Harga Bitcoin (BTC) sejak Maret bergerak fluktuatif, mencakup lonjakan singkat ke rekor tertinggi di US$73.680 (Rp 1,17 miliar) yang diikuti dengan penurunan cepat ke level terendah US$59.630 (Rp 948,12 juta). Hal ini menunjukkan para pialang (trader) dan investor ragu-ragu terhadap arah pasar, terlebih pasca halving Bitcoin yang tidak menunjukkan perubahan signifikan.
Fyqieh Fachrur, Trader TokoCrypto, mengatakan pasca-halving Bitcoin pada 20 April lalu, mata uang kripto ini masih dalam tekanan dan sentimen negatif. Beberapa faktor yang menyebabkan sentimen negatif ini adalah antisipasi laporan pendapatan kuartal I untuk perusahaan-perusahaan teknologi di Amerika Serikat dan konflik Israel-Iran.
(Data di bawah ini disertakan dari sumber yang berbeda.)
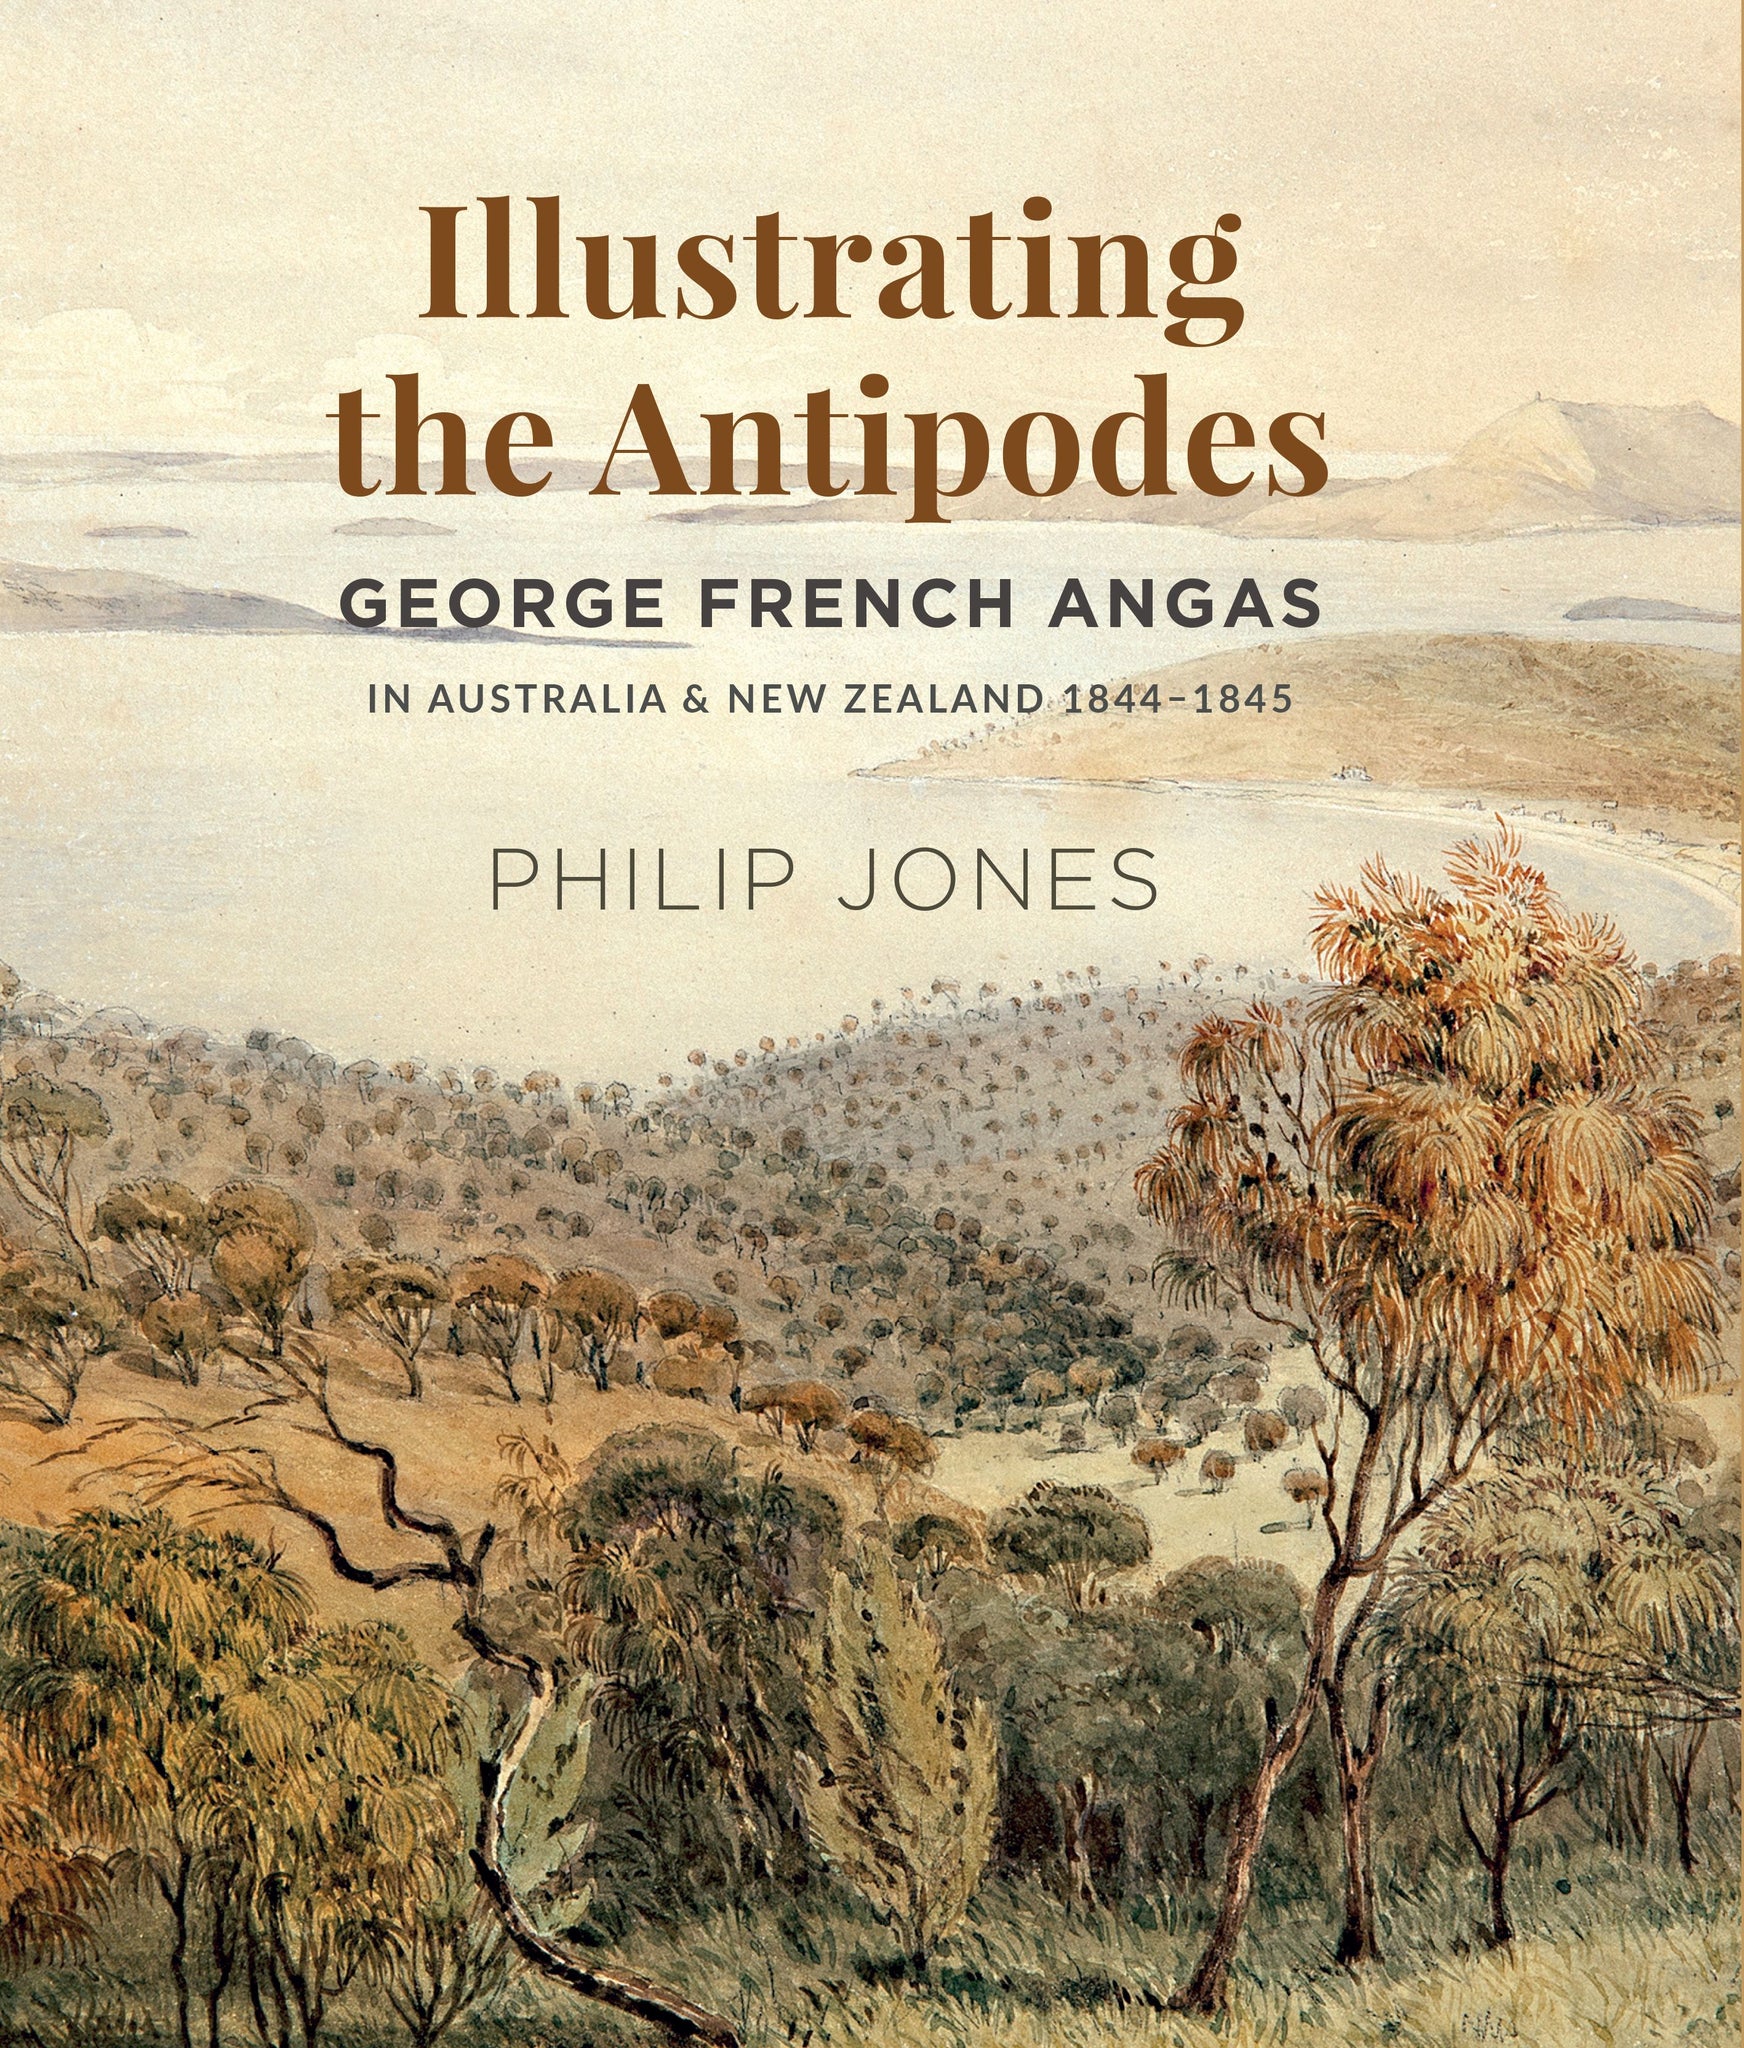 Illustrating the Antipodes: George French Angas in Australia and New Zealand 1844-1845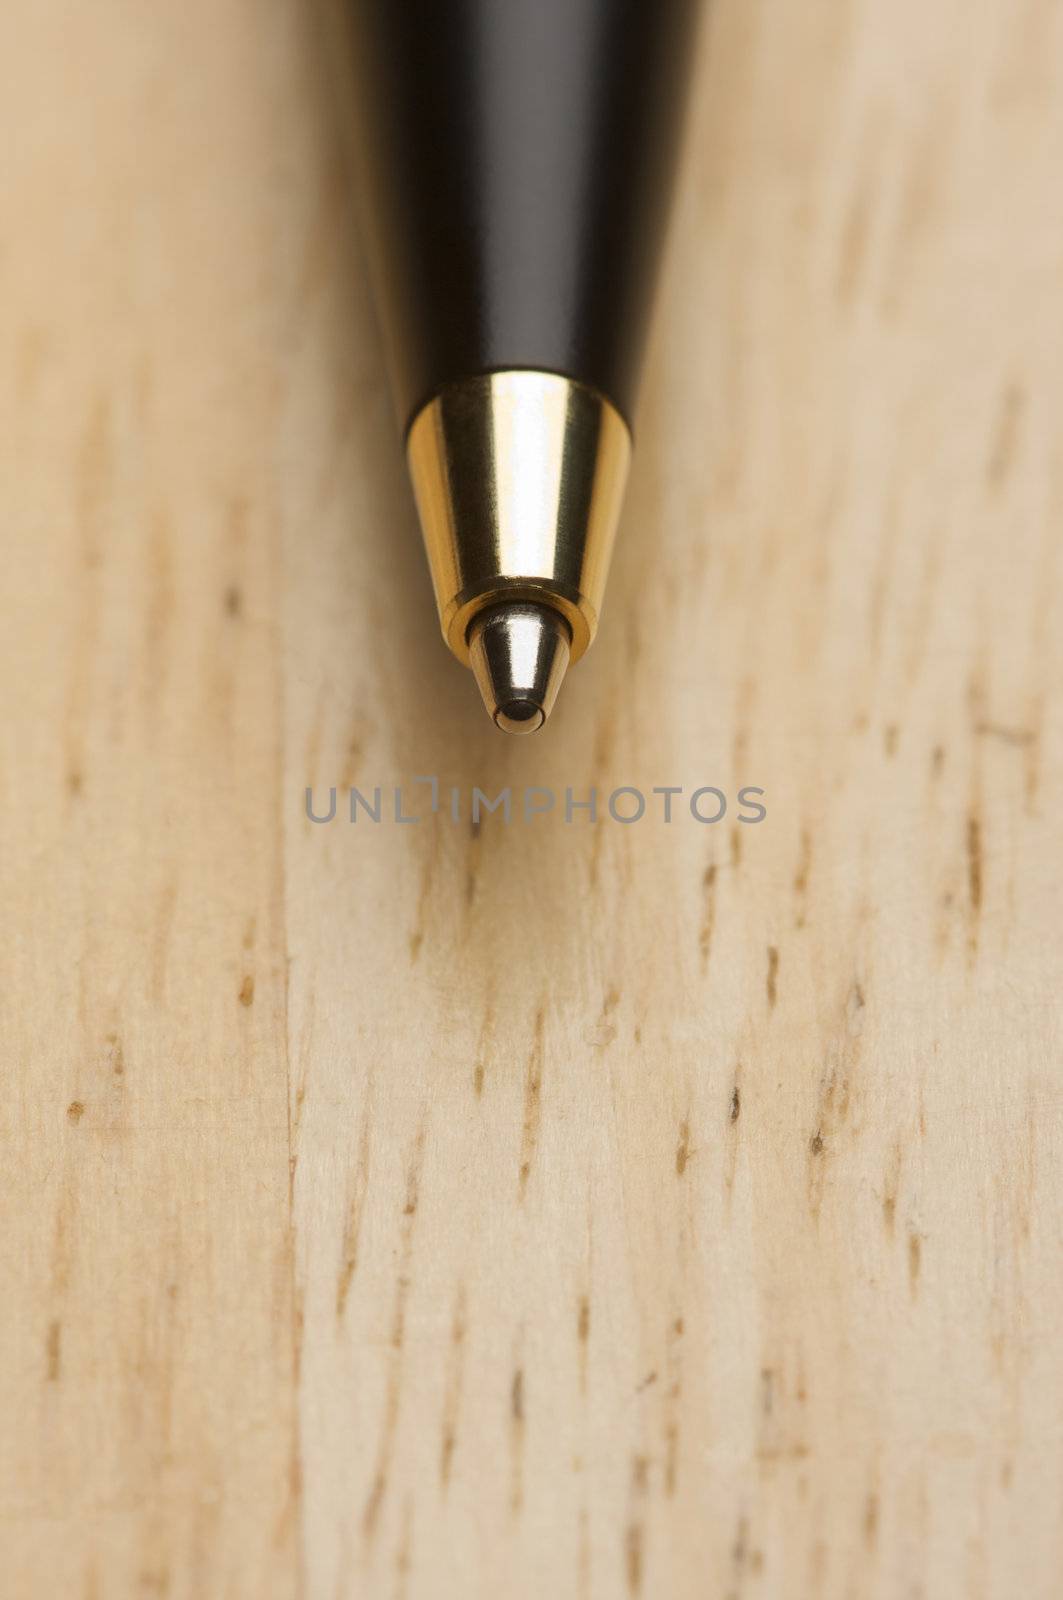 Ball Point Pen Macro on Wood by Feverpitched

“Kinerja negatif Bitcoin pada pekan ini dapat dikaitkan dengan ketakutan pelaku pasar terhadap koreksi bursa saham AS, meningkatnya krisis di Timur Tengah, dan berkurangnya kepercayaan terhadap perekonomian Cina,” ujar Fyqieh, di Jakarta, Kamis (25/4).
Selain itu, Fyqieh menyoroti tingkat pendanaan yang berubah menjadi negatif untuk pertama kalinya pada tahun ini, tepat sebelum peristiwa halving terjadi. “Tingkat pendanaan negatif ini menunjukkan bahwa sentimen pasar telah berubah ke arah bearish ketika posisi short lebih besar daripada posisi long,” ujarnya.
Siklus halving pada tahun ini akan sedikit berbeda dibandingkan peristiwa sebelumnya. Sejauh ini sudah terjadi empat kali halving Bitcoin, yakni pada 11 Mei 2020, 9 Juli 2016, 28 November 2012, dan 20 April 2024.
Halving mengakibatkan penurunan imbalan penambangan Bitcoin sebesar 50% dari 6,25 BTC menjadi 3,125 BTC. Akibatnya, jumlah Bitcoin yang beredar semakin langka sehingga menyebabkan lonjakan permintaan di kalangan investor. Pasokan Bitcoin dibatasi maksimal 21 juta koin yang beredar selamanya.